The Huns weren't as fast as the Authorities and had keyboards in their line up, but that certainly doesn't make them any less punk. This album was recorded live in Dallas in 1979 and the sound quality is just great, but they lacked the songs. Some of them are quite decent and the rest is pretty average. I'd rather listen to the Authorities again.
(Get Hip Records)
*DEVIL DOLL - "DIES IRAE"
I kept stumbling across positive reviews of this Slovenian/Italian band for several months, causing me to constantly think about them, so I decided to contact their record label in Italy. Soon after the tape version of "Dies Irae" album came in with "Devil Doll Chronology", a very informative biography of the band and its leader Mr Doctor. He certainly is an interesting person and I was eager to hear the music, but there came the disappointment. Devil Doll is one of those bands whose bio reads better than they sound. I was impressed by the first couple of minutes of the album - it starts as an eerie gothic opera of some sort, but then turns into the worst possible Meat Loaf kinda thing. Won't trust the reviewers anymore.
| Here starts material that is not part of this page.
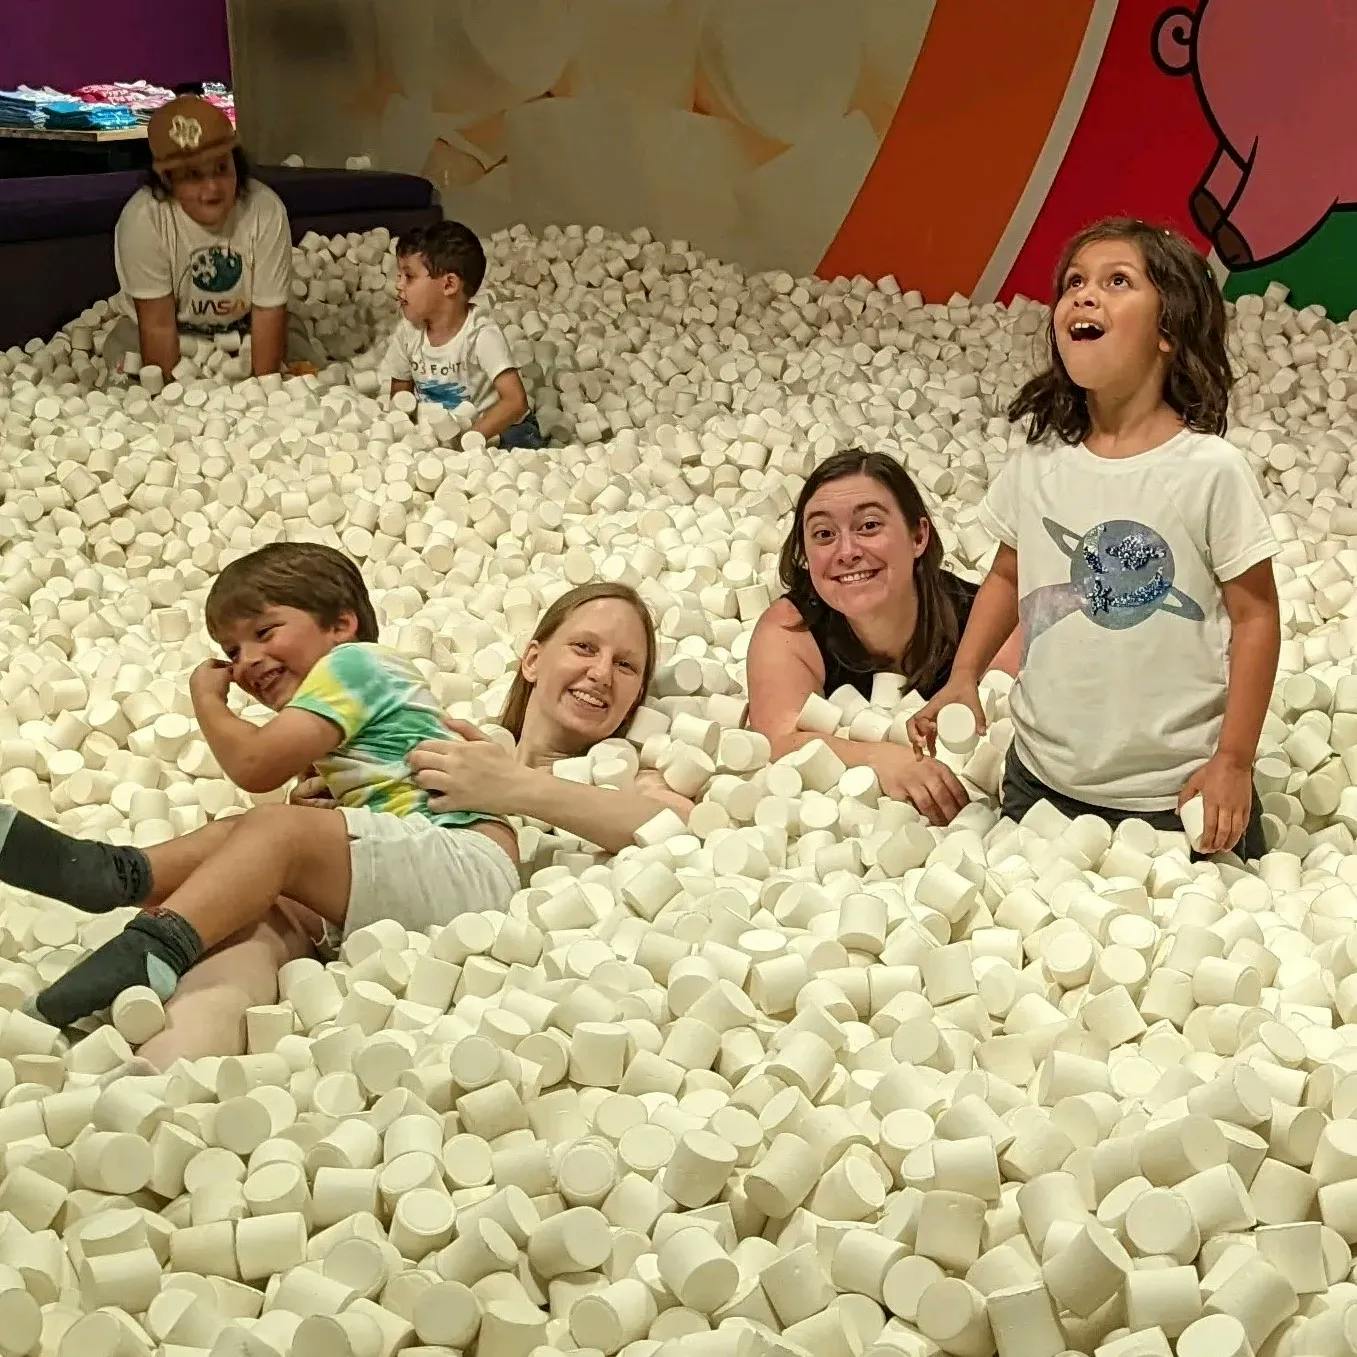 A pit of marshmallows? Yes please!
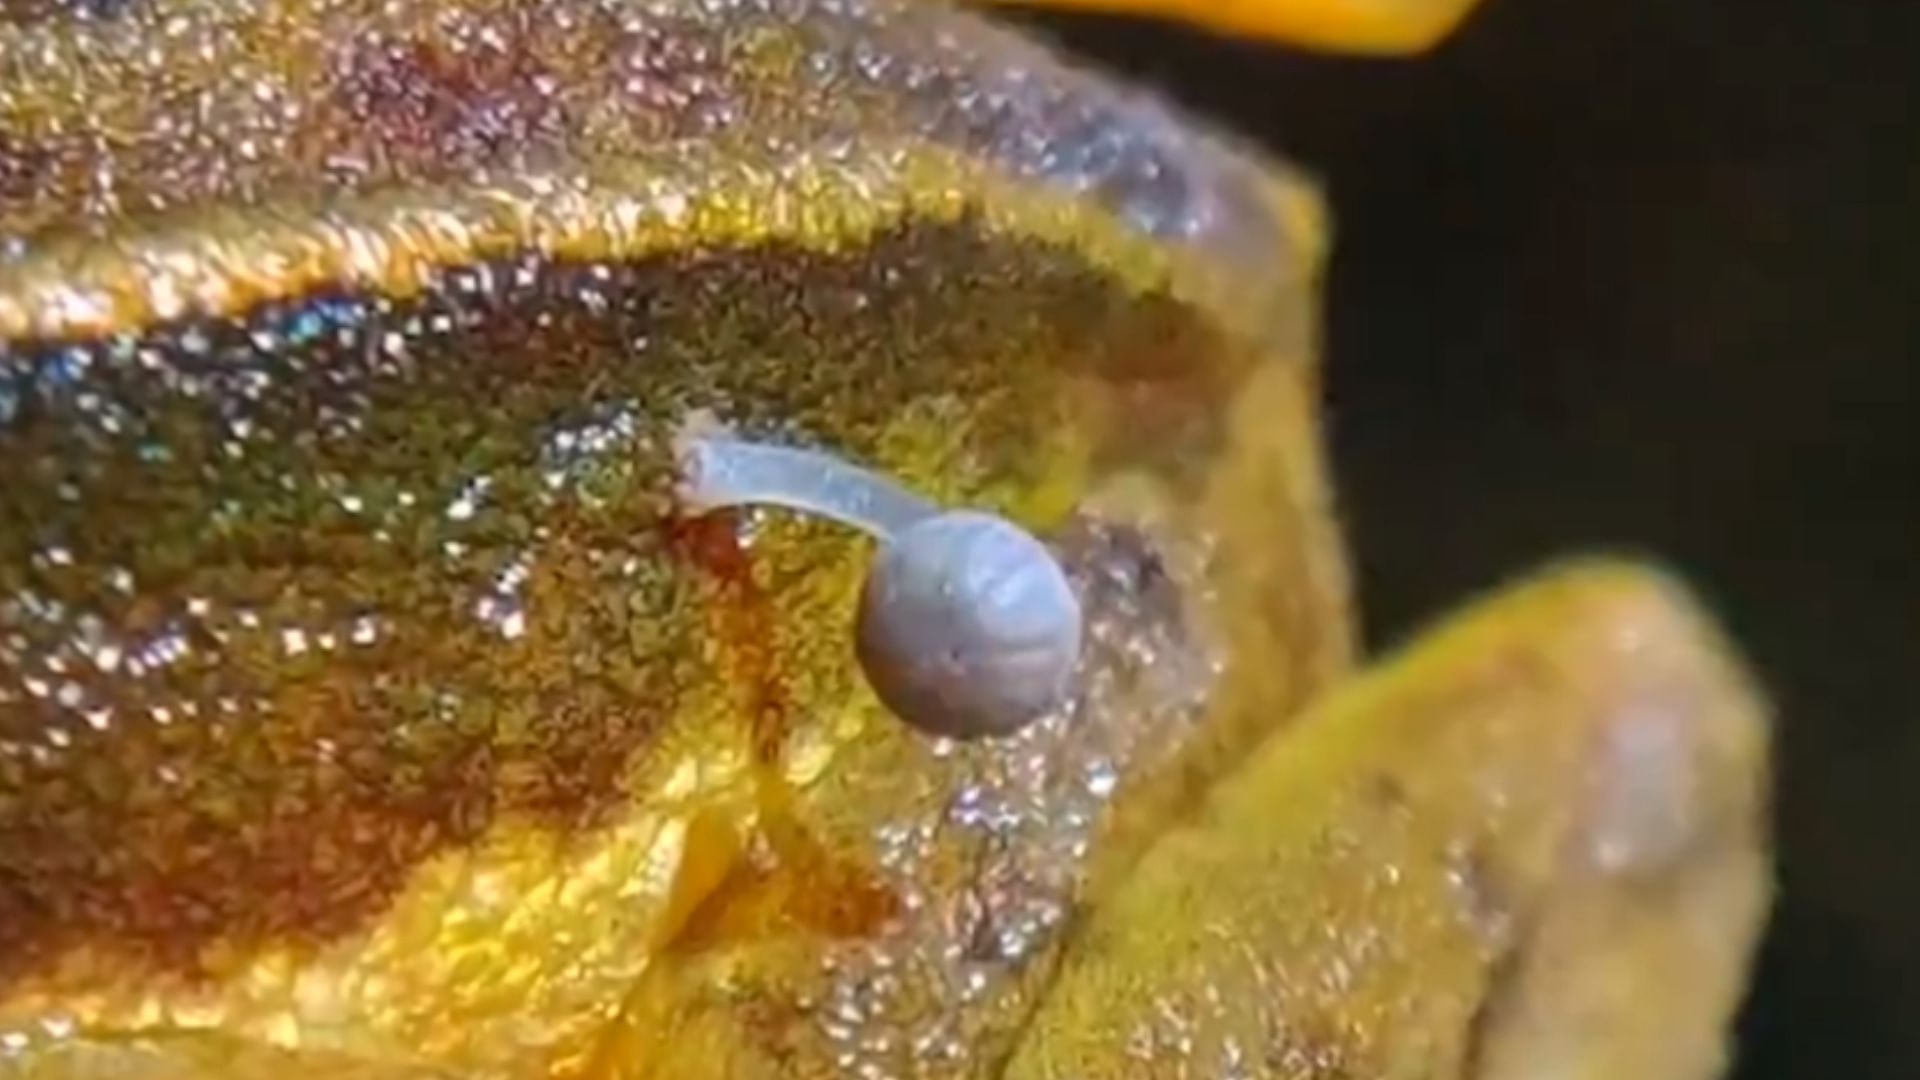 Viral News: Mushroom growing on a frog in India baffles scientists

(Hurdy Gurdy Records, S. Marco 5499, Venice, Italy)
*ŠUMSKI - "SAFARI" CASS
V/A - "KEKERE AQUARIUM 94-96" CASS
Kekere Aquarium is a Croatian label specialising in "noise, folk, jazz-funk, experimental, etc." bands. They started in 1992 and have released around 20 cassettes so far, two of which they sent for a review, knowing that the next step from Uzurlikzurli is the world. "Safari" is the second cassette album for Šumski - an extremely interesting band that is hard to categorise. Here's what the guys from the band said on their influences: "Can, Faust, Amon Düül, Blurt, Minutemen, Captain Beefheart, Jablkon, Django Reinhardt, John Coltrane, Disciplina Kicme..." and there's really nothing more to add to it, except a bit of The Residents as well. They are a trio, but play a range of various instruments - from the common ones to those more obscure, such as a xylophone, pipe, and all different sorts of percussions. On this tape they've been helped by some additional musicians in pursuit of as many diverse sounds as possible. And they succeeded for sure, without losing their sense of humour for one second - and that's what it all should be about. Šumski may wear their influences on their sleeves, but they definitely are one of the most original bands I've heard in the last couple of years. I only wish for a different production of some instruments (especially the guitar) and would like to see their next release on vinyl or CD. Judging by some reviews, Šumski can't match their quality in live shows, which isn't surprising since the three of 'em play about 74 instruments. They're also involved in the Drums Parade, the "street performances with 15-20 drummers", so hopefully they'll manage to release that sometime soon. "Kekere Aquarium 94-96" is a sampler cassette of the bands that have recently put out their stuff on this label. Not many samplers that I've heard so far have done much for me, probably due to the choice of songs. Most bands on tape are Touch & Go/AmRep style of noise and good at it. The rest are more extreme and weird, and that's the direction I'd like to see this label take in the future.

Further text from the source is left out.